Economists refused to heed the advice of Abramovitz. Rather than look somewhere else from capital in search of the source of SEGI, economists have continued to claim that capital investment is the primary source for promoting SEGI. What the situation means is that all economists and all institutions populated by economists, including the World Bank and IMF, all over the world do not know the primary source for promoting sustainable economic growth and industrialization (SEGI). Sadly, all government programmes in African nations are developed and implemented by economists and other social scientists and experts like lawyers, administrators and scientists/engineers who have become economists on-the-job. The consequence is that virtually all African nations and some nations in Asia throw money at all problems and have been achieving growth without development (GWD) for decades.

Many socially-conscious economists and students of economics are unhappy about the inability of economics and economists to provide solutions to common societal problems. They have long been expressing this sadness in their writings. Kaldor (1967), reflecting on the adequacy of Western development theories, observed that existing academic texts on general economics and on development were of little or no use from the point of view of understanding development, and would indeed be harmful in the hands of unimaginative people having influence in policy formulation in low income countries. Soludo (1998), in his article: “Investment in the growth process: A measure of the economists’ ignorance in Africa,” agreed that there is no theoretical or empirical justification for assuming a short-run proportional relationship between investment and growth as some economists and the World Bank have done for decades in influencing economic policy in Africa. Soludo also remarked that when a physician makes a mistake, a patient dies, but when an economist makes a mistake, a nation or generation dies. What is irksome, he continued, is the often blatant arrogance with which the economist pontificates about his expertise and formula. In the end, millions of lives are sacrificed in the chessboard in which economists carry out their experiments. Nowhere is this more troubling than the persisting puzzle of Africa’s growth tragedy and the economists’ confusion or plain ignorance about the diagnosis and remedy. More often, the economists’ diagnosis is casual and the approach naïve. French economics students in year 2000 petitioned the French government that what their professors and teachers taught them is autistic (imaginary), they want to be taught economics that is applicable in this world. The Post-Autistic Movement originated as a consequence of the petition. The translation of the original petition can be read in the website [www.paecon.net].

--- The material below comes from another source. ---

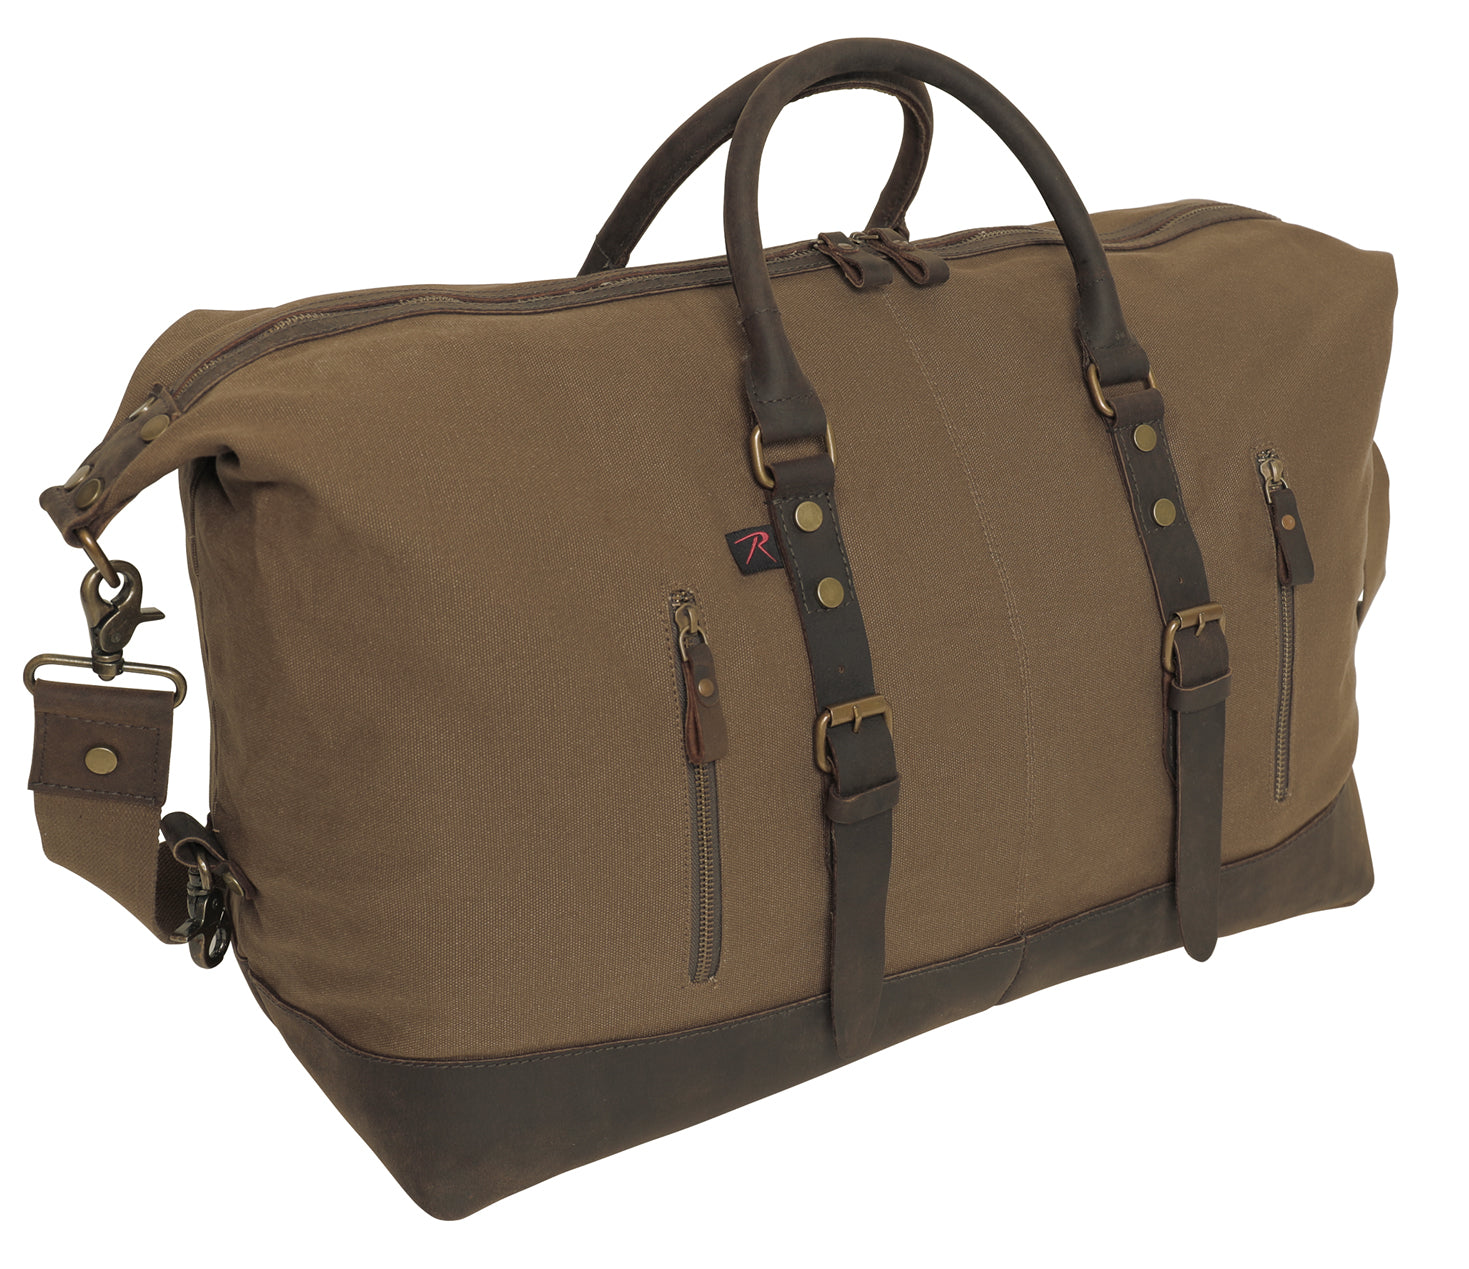 Milspec Extended Weekender Bag New Arrivals MilTac Tactical Military Outdoor Gear Australia

Ogbimi (2003), using the depreciation concept demonstrated that nations which emphasize capital investments invest in structures – roads, bridges, dams, electricity generating plants, etc., which are Depreciating Assets (DAs). In principle they invest in decreasing investment functions, like one trying to fill a profusely leaking water-tank with water. They do not achieve rapid economic growth and industrialization; they stagnate for a long time. This explains the Africa’s stagnation or very slow economic growth.

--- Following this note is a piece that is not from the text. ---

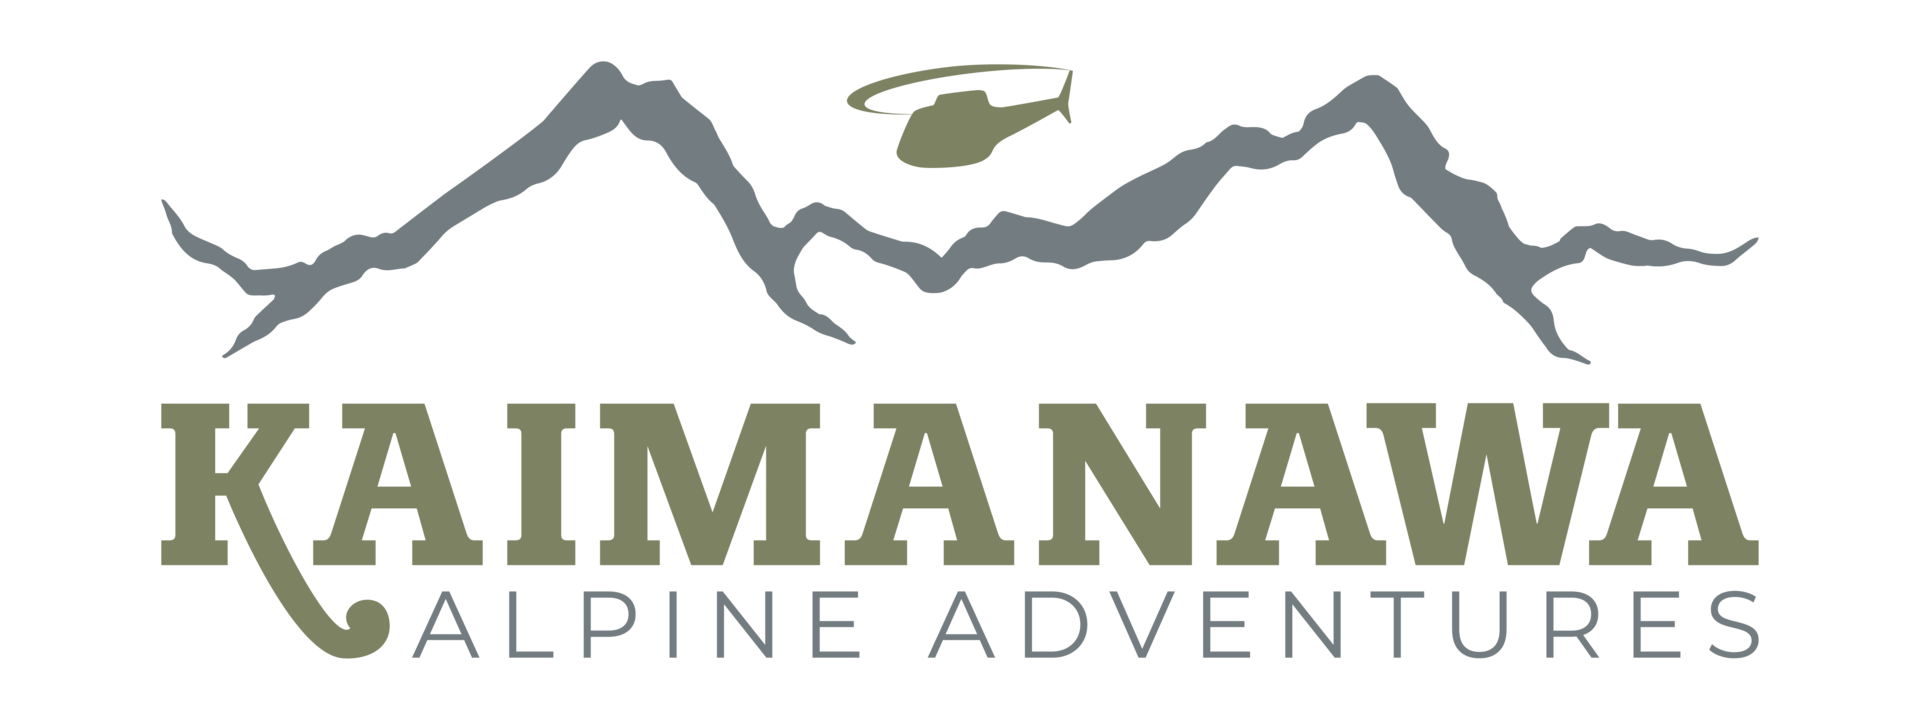 Kaimanawa Alpine Adventures Logo_colour.png

So, one can say that there is no intellectual basis for rapid development in Africa. Planning in virtually African nations since independence including the national development plans, the Structural Adjustment Programmes (SAPs) introduced to African nations by the World Bank and IMF in the 1980s, the programmes most African nations including Nigeria are still implementing today, have all been based on the false claim that capital accumulation and investment are the primary bases for promoting SEGI. It is for the false claim that all those in government and industry in Nigeria cry for capital, especially Foreign Direct Investments (FDIs). How can African nations, including Nigeria make progress when all their activities are based on a false claim?